There’s a reason why the majority of traders will take a dive and eventually wash out in the Financial Markets. The main reason is because that’s how the genetics of the markets are setup. They’re designed so that the new or average trader is pretty much destined to lose their trading capital in due time.
These traders are eventually wiped out by paying the commissions that the brokers charge on every transaction. The majority of the traders will just ignore these commissions and treat them just as the cost of doing business. But eventually, those high commissions will systematically begin to drain out their capital into a loss, rather than they making a 5% or so gain in profit.
So as a result, the trading industry drives away these traders on a daily basis while the regulators, brokers and the various trading advisers all make a substantial living from these runaway amateurs.
The markets would rather prefer having a constant steady stream of traders who lose, this so that there is new “fresh” money which comes in and circulates in the market. That’s why most of the brokers, along with the various market advisers will continuously run promising campaigns to attract the new or losing traders to the markets, and the cycle continues.
The underlying fact is that the majority of new traders think that they’re actually smarter than their average fellow trader when they first begin investing, they feed off their ego. Because of this psychology, these novice traders will get morphed into this propaganda thinking that they own the markets and will thus joyfully open a trading account.
What they don’t even realize is that once they open a new account, that the other traders actually receives less of what their initial investment would be, since the financial industry cashes out money from the markets. The markets after all is a minus-sum game, where the winning trader is actually a loser, while the broker smiles all the way to his penthouse condo, just from the interest and the commissions that he earns.
Trading For Commissions
The majority of new traders will just simply ignore these commissions because of their “end game” ultimate dream of making that huge profit in the markets. The brokers if queried will just usually argue that these commissions charges are just a tiny fraction of doing business when compared to the potential profits that the traders can make.

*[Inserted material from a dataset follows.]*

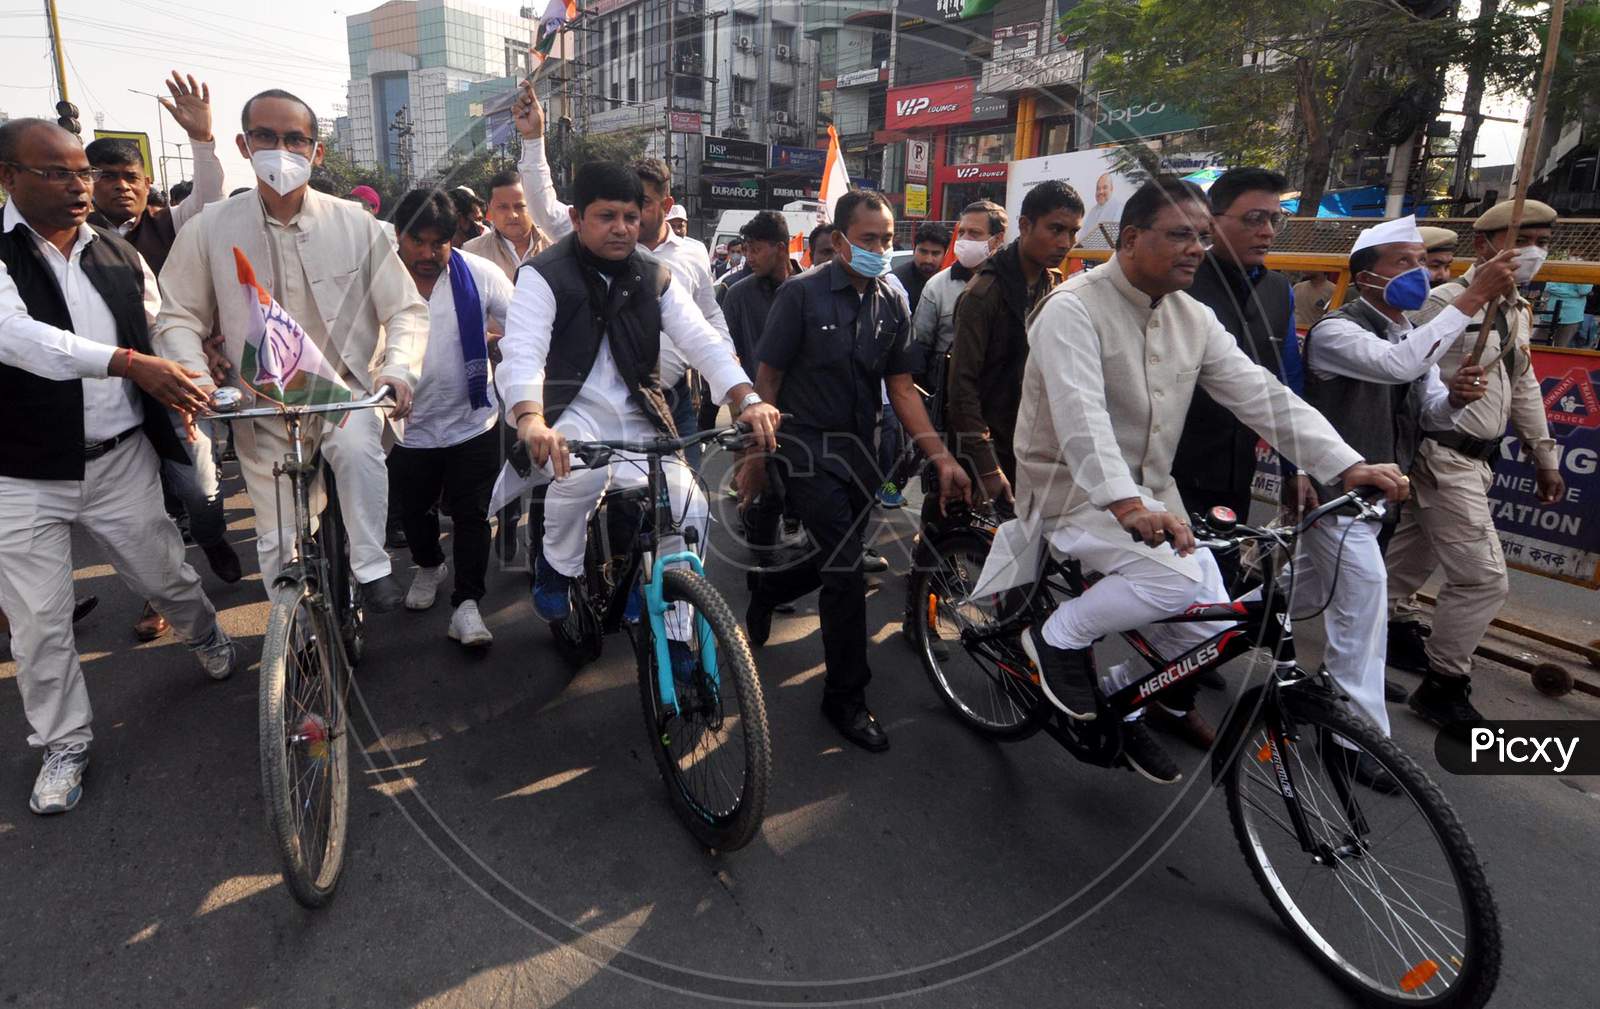 MP Gaurav Gogoi, Assam Pradesh Congress Chief Ripun Bora, and senior party leaders take part in a protest rally against fuel price hike, in Guwahati, Monday, Dec. 28, 2020.

But these commissions actually suck new traders out of the market on a daily basis. A broker will claim that their low $15 or $20 commission per trade is less than one percent of the capital. But in reality, say that you’re required to deposit at least $500 or so to trade stocks, then the $20 commission suddenly represents approximately 4% percent of the margin.
What this means is that for the trader to make a profit, they need to exceed the 4% profit before they can even begin to make a profit. If you happen to trade say 6 or so times a year, you would need to make at least a 24% profit, this just not to lose money.

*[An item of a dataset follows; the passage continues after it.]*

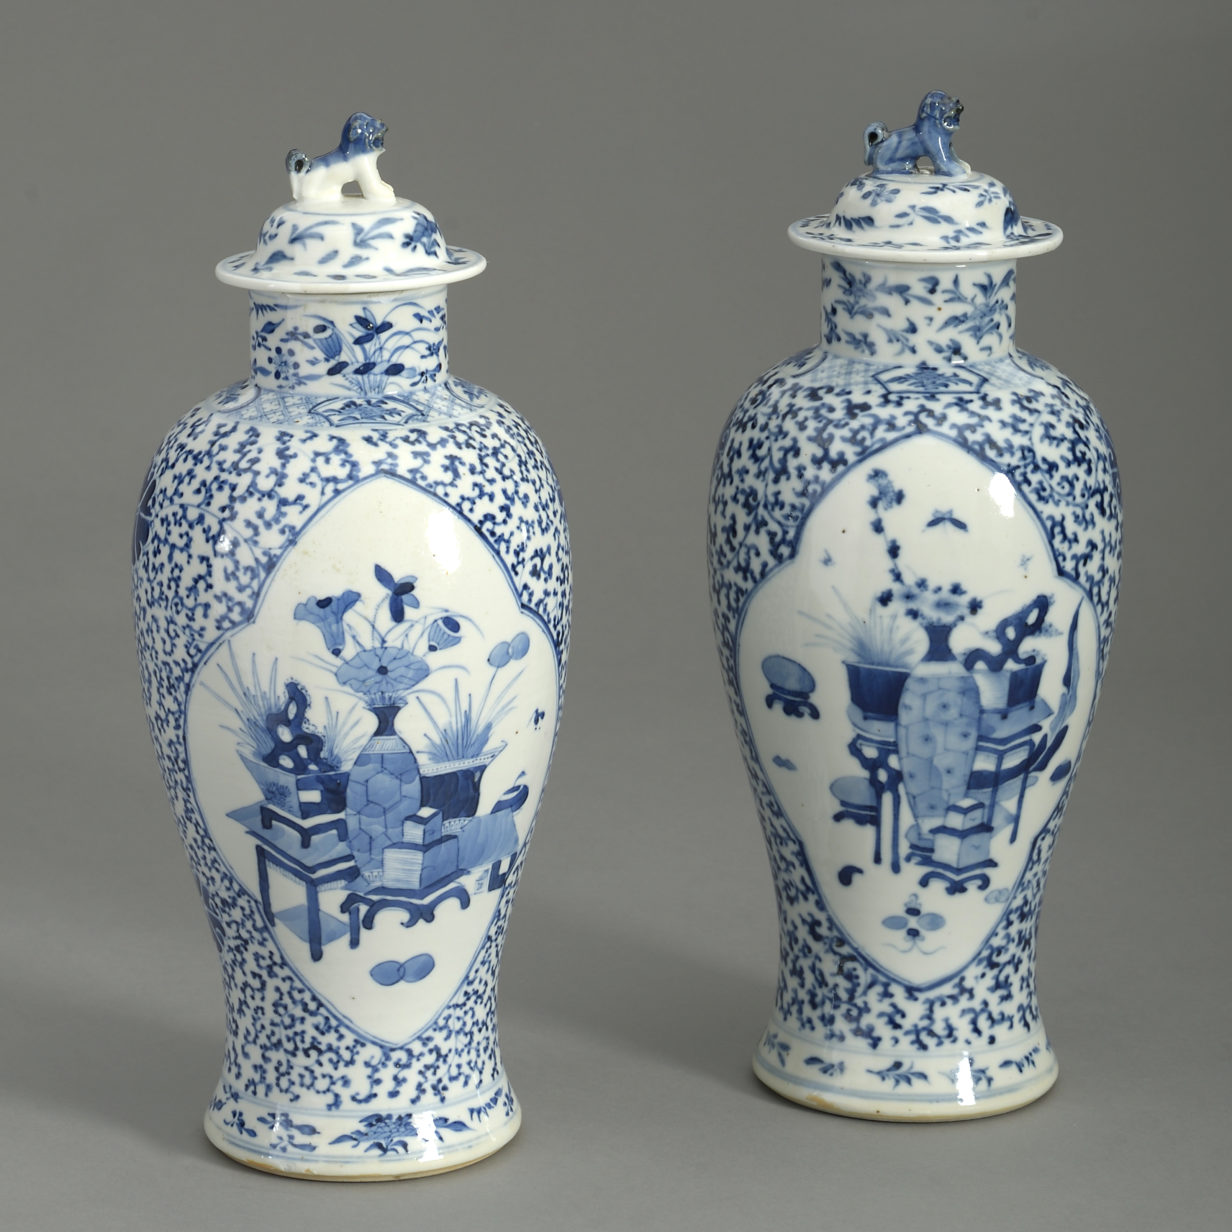 Pair of 19th century blue and white vases and covers

What this does is it drives the majority of the amateur traders out of the market in just a matter of a few days or weeks, as paying that seemingly small commission is necessary and required in order to potentially make a profit in the markets. If the new trader happens to last as long as a year, most will end up paying up to 80% in commissions. As you can see, managing these small commissions is the key to be able to trade successfully.
Trade The Plan And Not The Money
All of the successful traders have one trait in common, they all tend to be flexible and open minded. The goal of a successful trader isn’t to set out and make a huge profit, which is the primary goal and the reason why new traders begin trading. The goal of the seasoned pro is to trade as consistent as possible by sticking with their plan.
All of the long term successful traders set up their own “Laws of trading” rules, which includes strict money management, and will honor and practice them for every trade that they make. Once they begin to do this, then the profits will begin to accumulate.
Attempting to reach their personal best is a lot more important than making a profit, since it will remain with them in the long term. Not being consistent with it however will vanish the next day.
Traders to become winning traders need to be so focused on their trading rules and sticking with their trading laws that the actual winning of the trades doesn’t boast their confidence. (Well, maybe just a little bit.)
Losing these trades doesn’t make you any less of a trader. What you need to do is be focused and disciplined on trading properly, so that the money no longer has any influence on your emotions.
One of the biggest problems with the market is that there’s way too many opportunities for traders to lose and a narrow funnel for them to win. The majority of traders will often involve themselves on a streak that may be descending.
Someone who happens to be a poor reckless driver will not usually wake up one morning and then suddenly begin to drive defensively, or obey the exact laws of the road. Traders who are destructive don’t bother to follow the rules nor do they usually change their views either, which in the long run destroys their trading accounts.
Traders who usually has some personal grief about themselves will usually attempt to fulfill this grief into happiness by attempting to take it out on the markets. Usually, traders don’t know the ultimate outcome of their investment, and will thus usually end up as a negative in their accounts.